==== Dataset ====

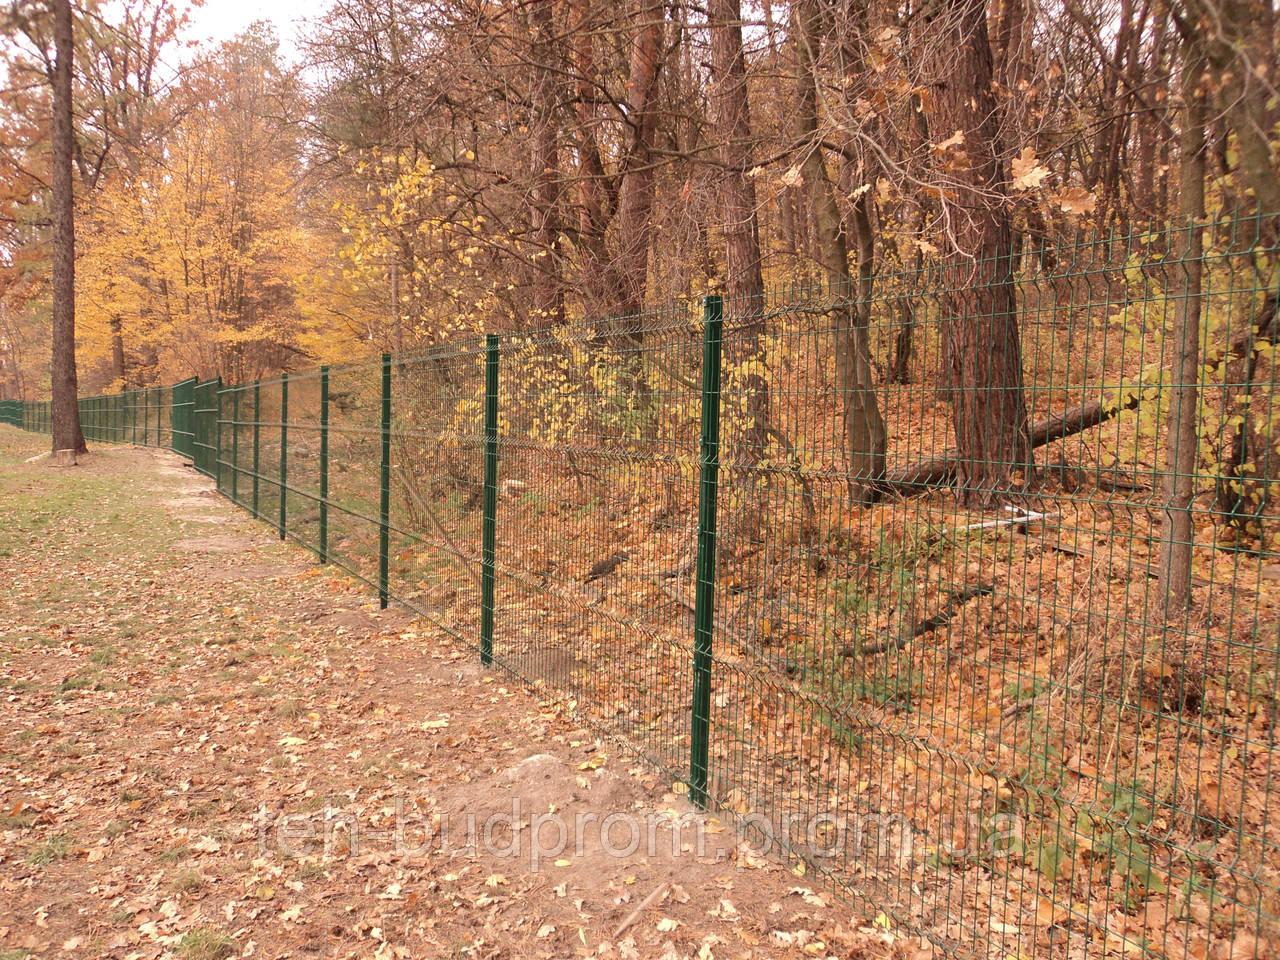 Секционный забор (3D панель) 930ммх2500мм
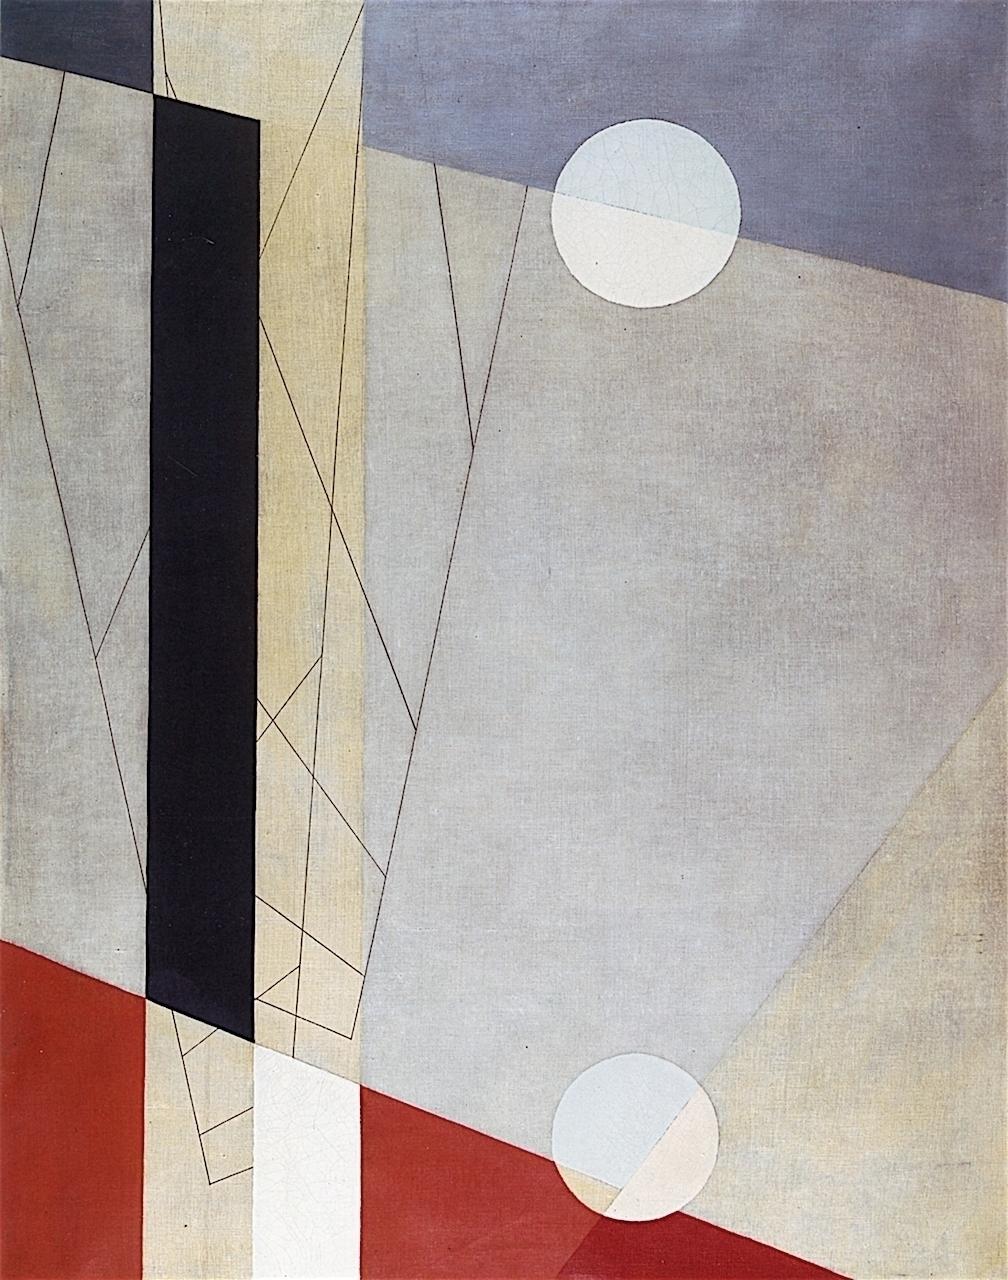 László Moholy-Nagy: VI, 1925 - arthurboehm | ello
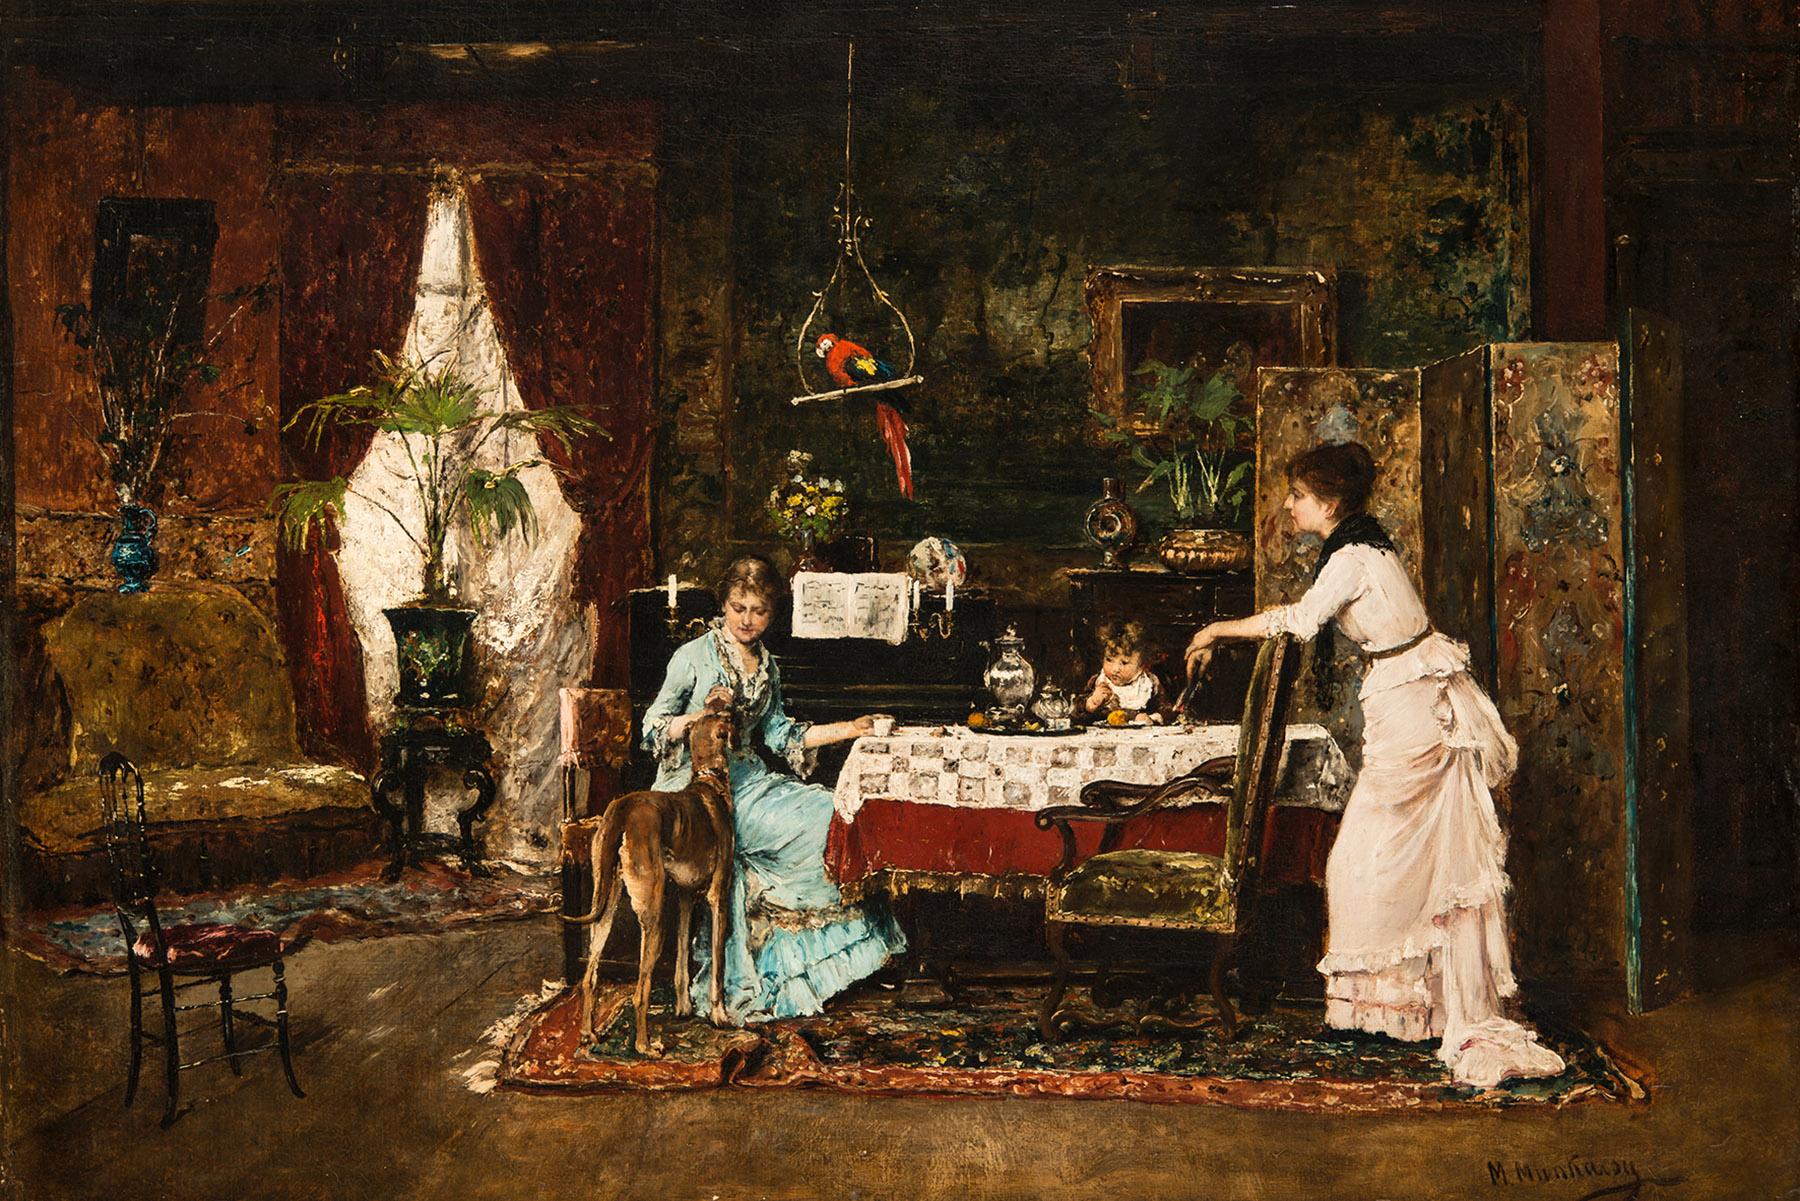 Zwei Frauen mit Kind am Esstisch. Über ihnen ein PApagei, neben ihnen ein Windhund
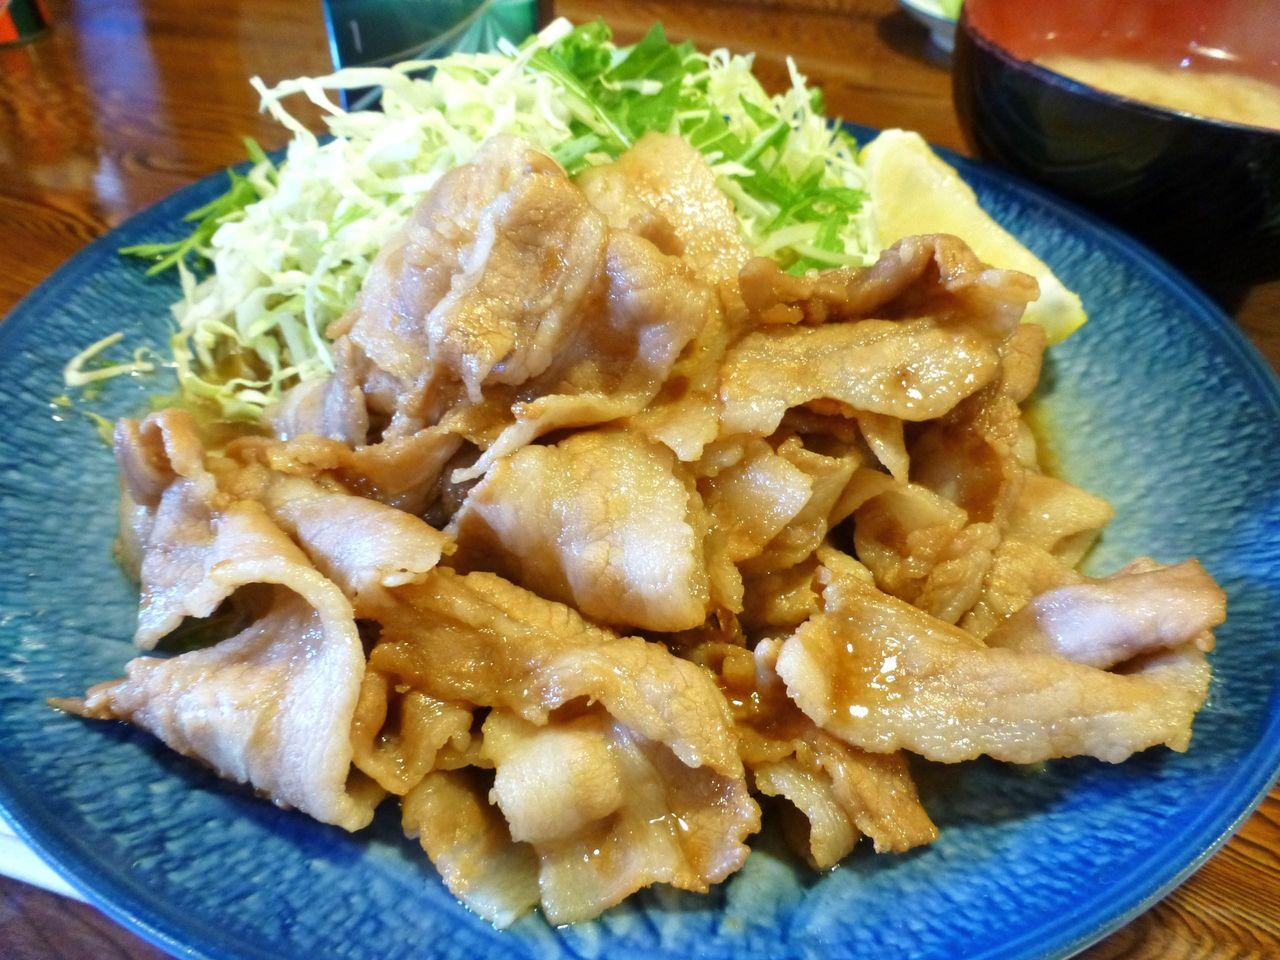 豚バラ肉を使用した生姜焼きと山盛りキャベツ!
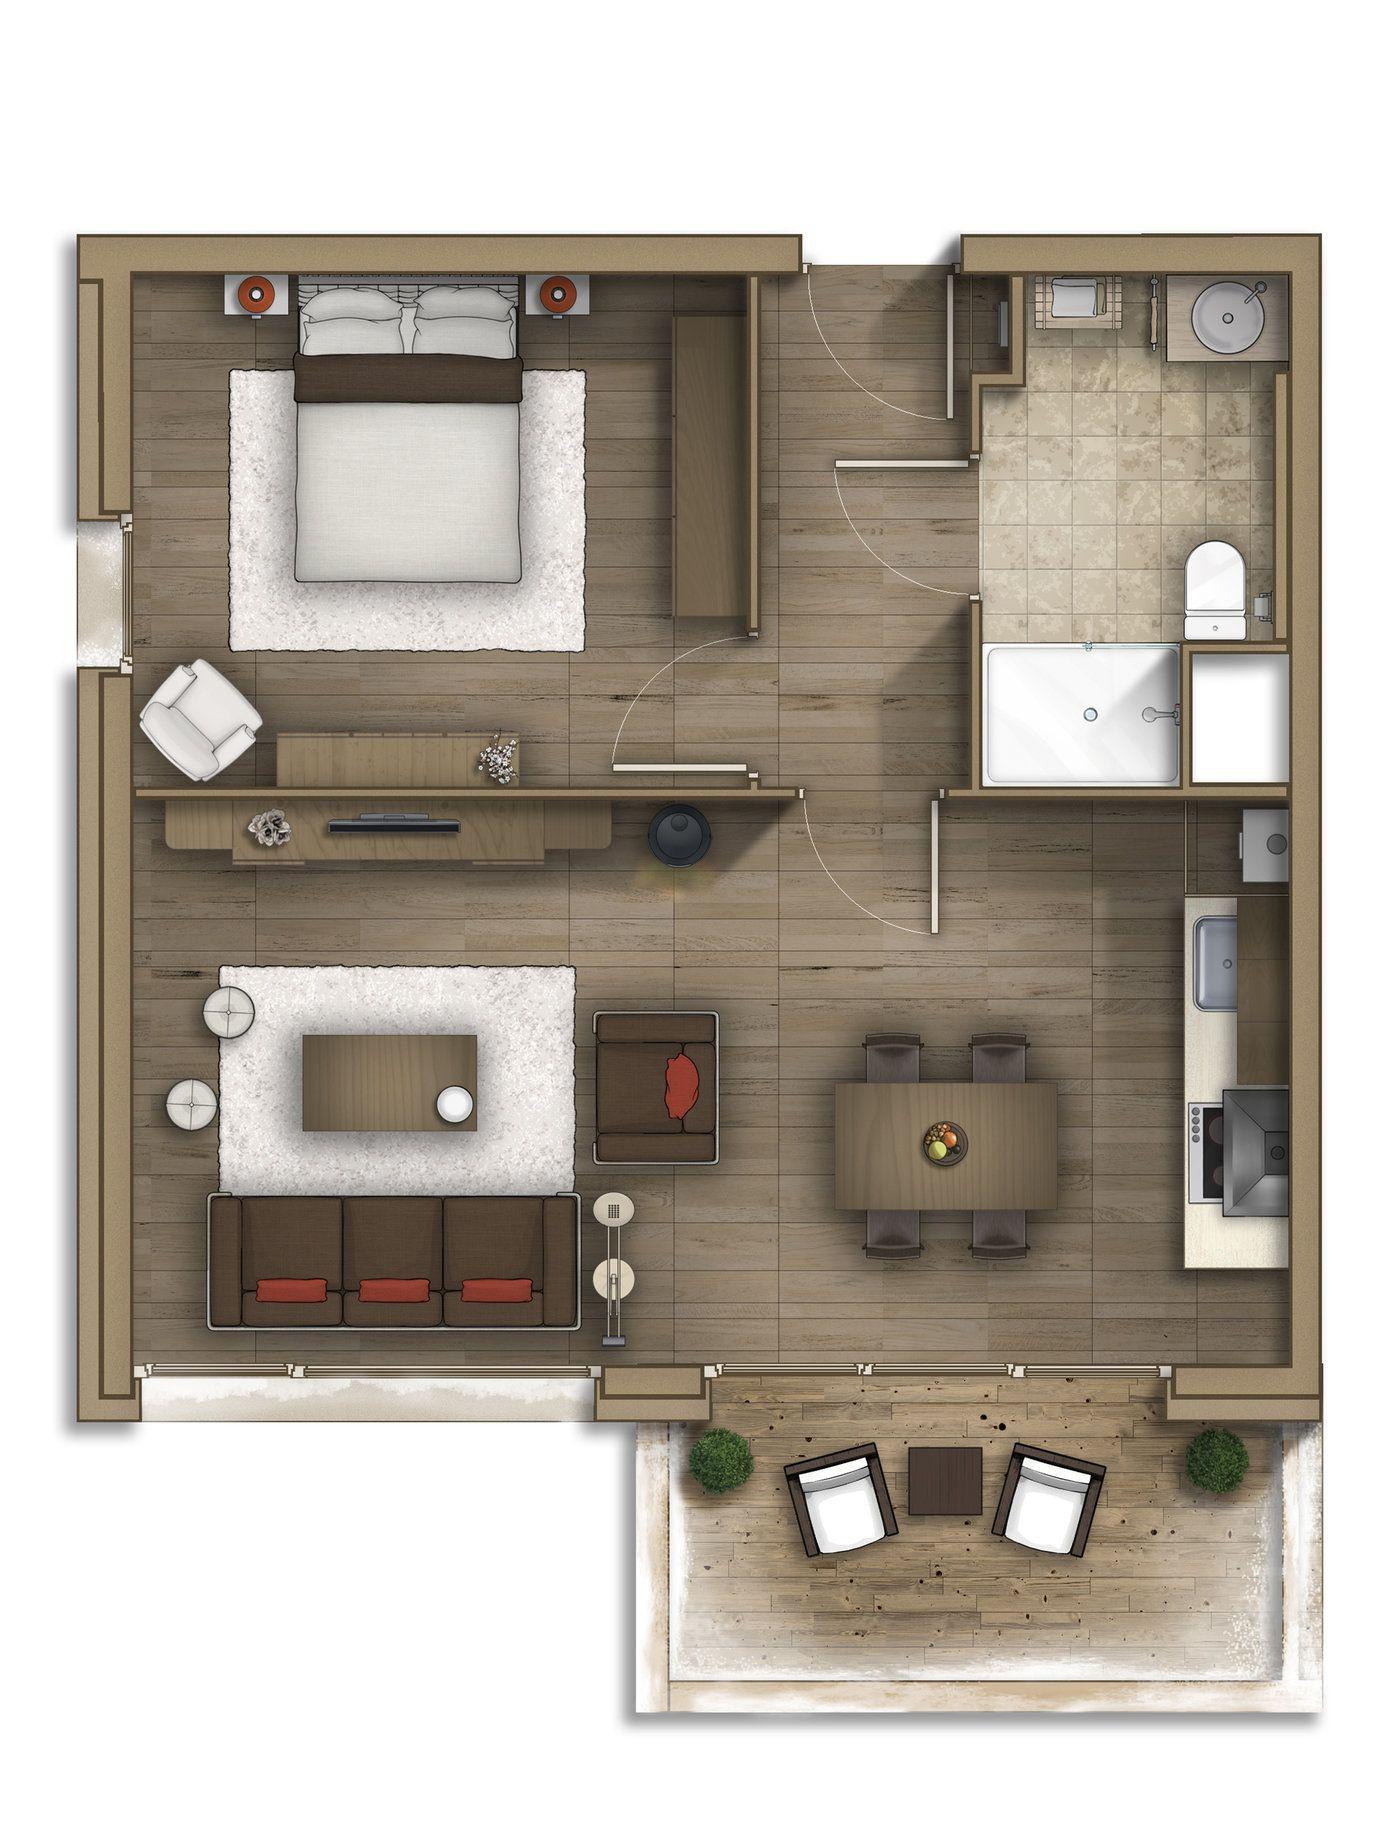 Floor Plan Rendering 29 By Alberto Talens Fernández At

====

Exercise objective:
Retype, please, exactly the lines that begin with the one containing "豚バラ肉を使用した生姜焼きと山盛りキャベツ!" and end at the last line of the entries above, both included, leaving out pictures.

Result of this exercise:
 豚バラ肉を使用した生姜焼きと山盛りキャベツ!
 Floor Plan Rendering 29 By Alberto Talens Fernández At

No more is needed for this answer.